Homer Ray Oldfield Jr. (August 28, 1916 – June 22, 2000), also known as Barney Oldfield, was an American computer professional best known for his work at General Electric in the 1940s and 50s.

Oldfield was born in Mount Vernon, New York on August 28, 1916. He attended Massachusetts Institute of Technology, where he received a BS in Aeronautical Engineering in 1938, and an MS in Instrumentation in 1939.

From 1939 to 1941 he worked as a research associate at the MIT Instrument Laboratory. In 1941 he joined the US Army where he worked on microwave antiaircraft radar. In 1945 he joined General Electric as a sales manager. From 1950 to 1952 to he was operations manager of the GE Advanced Electronics Center at Cornell University, where he also served as visiting professor. From 1952 to 1955 he directed the GE Microwave Laboratory at Stanford University. At Stanford he participated in development of an early computer system, Electronic Recording Machine, Accounting (ERMA), developed by SRI International for Bank of America in the early 1950s. This system was manufactured by General Electric, and sold as the GE-100.

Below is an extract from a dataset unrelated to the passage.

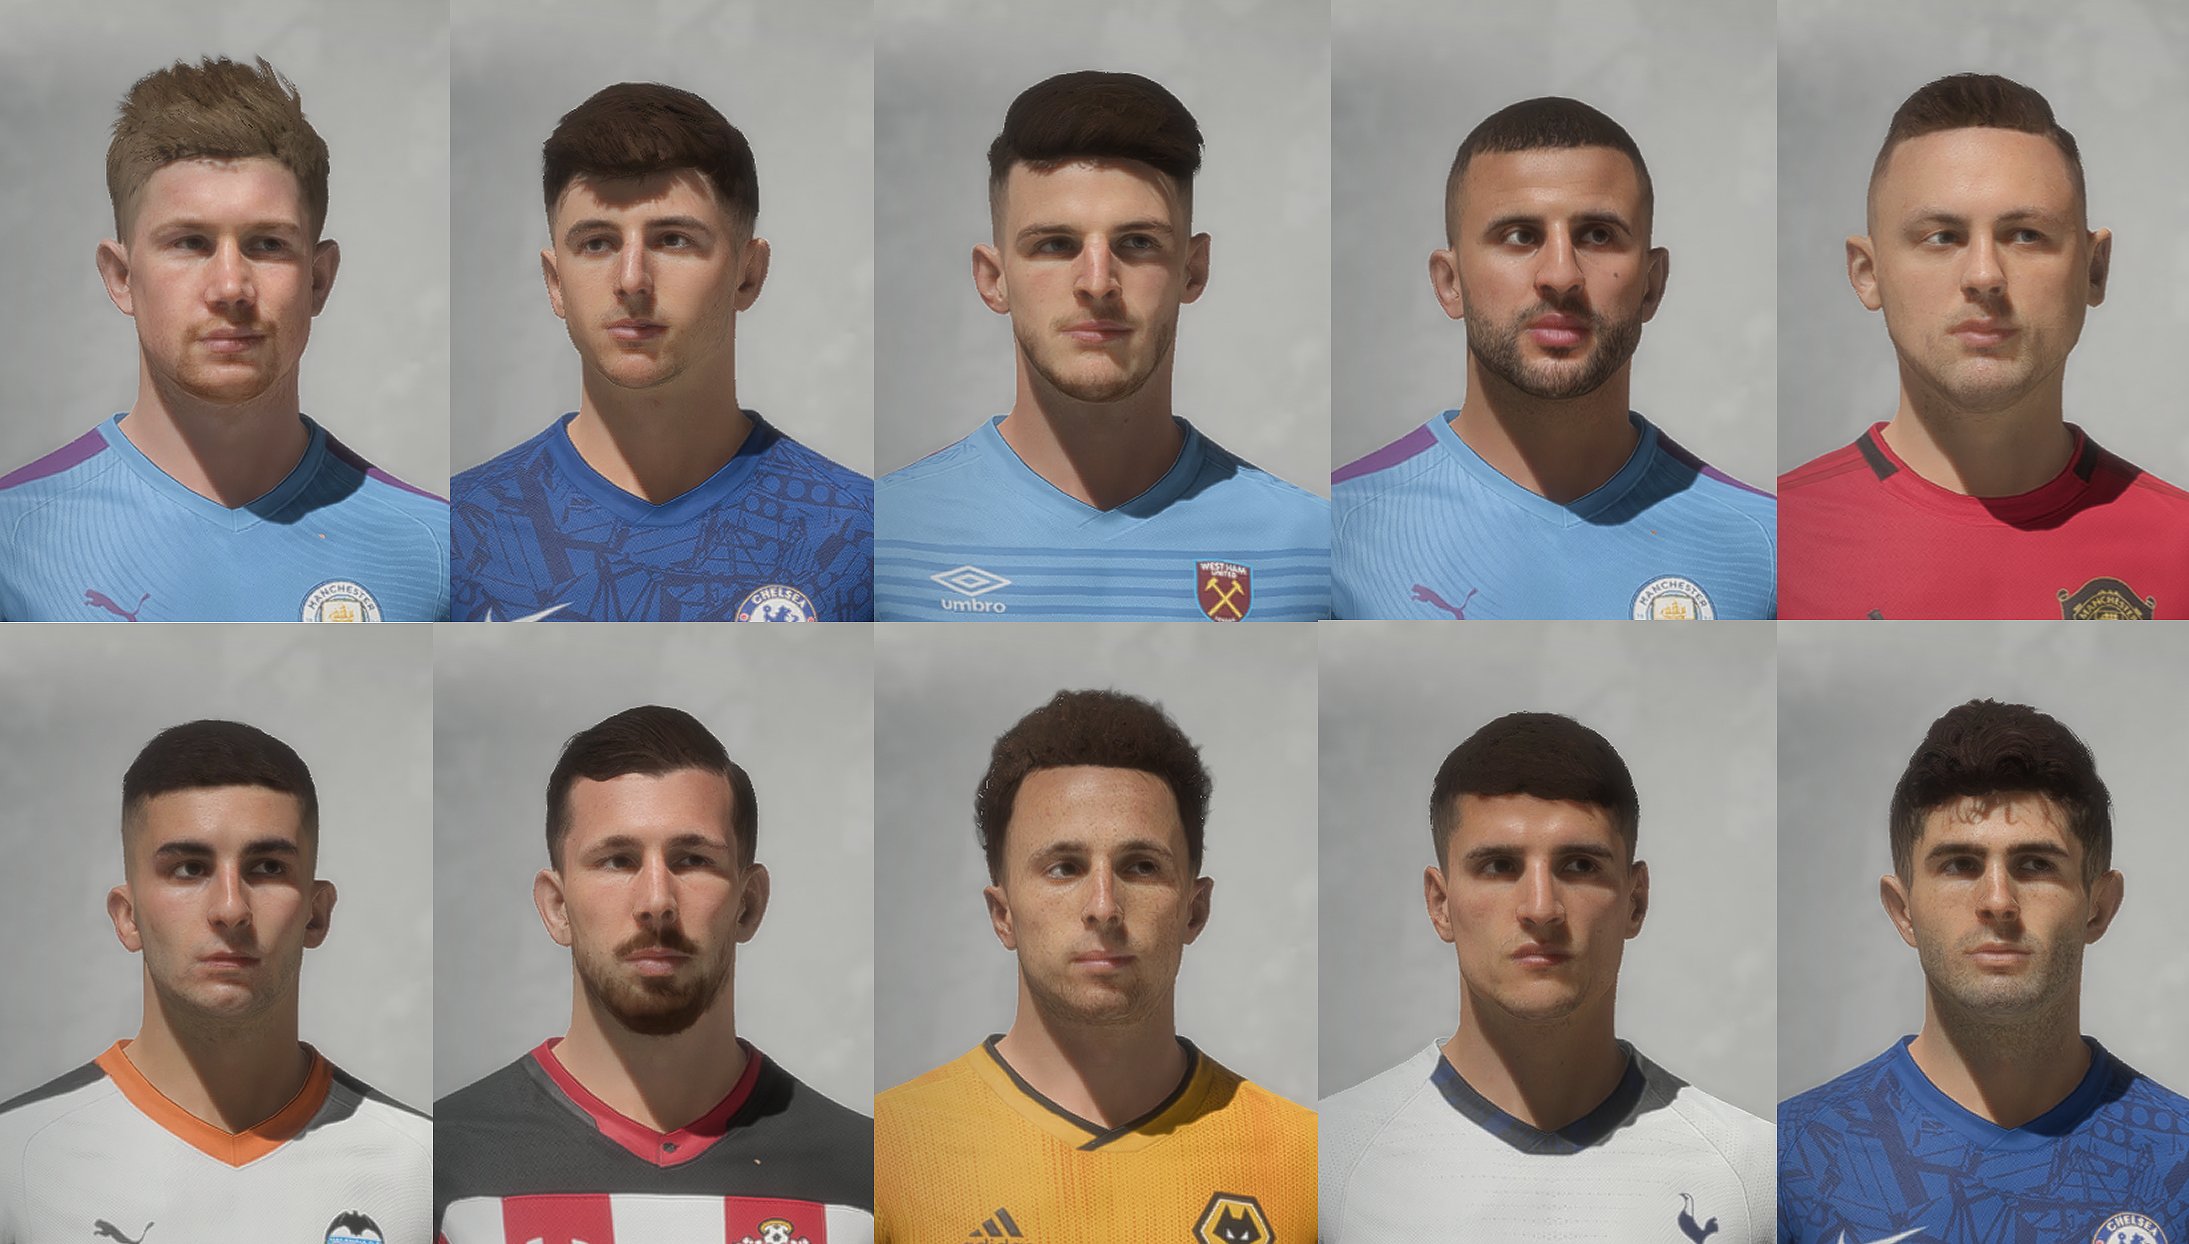 FIFA 22 ALL Real Faces Players / Age 25 - 26

In 1956, Oldfield was promoted to General Manager of GE's Computer Department in Phoenix, Arizona. In Phoenix he attempted to push GE further into the computer business, in the face of opposition from higher management. He left GE in 1958.

After GE Oldfield went on to positions at Raytheon, DASA Corporation, Searle Medidata, and Medidata Health Services, of which he was part owner.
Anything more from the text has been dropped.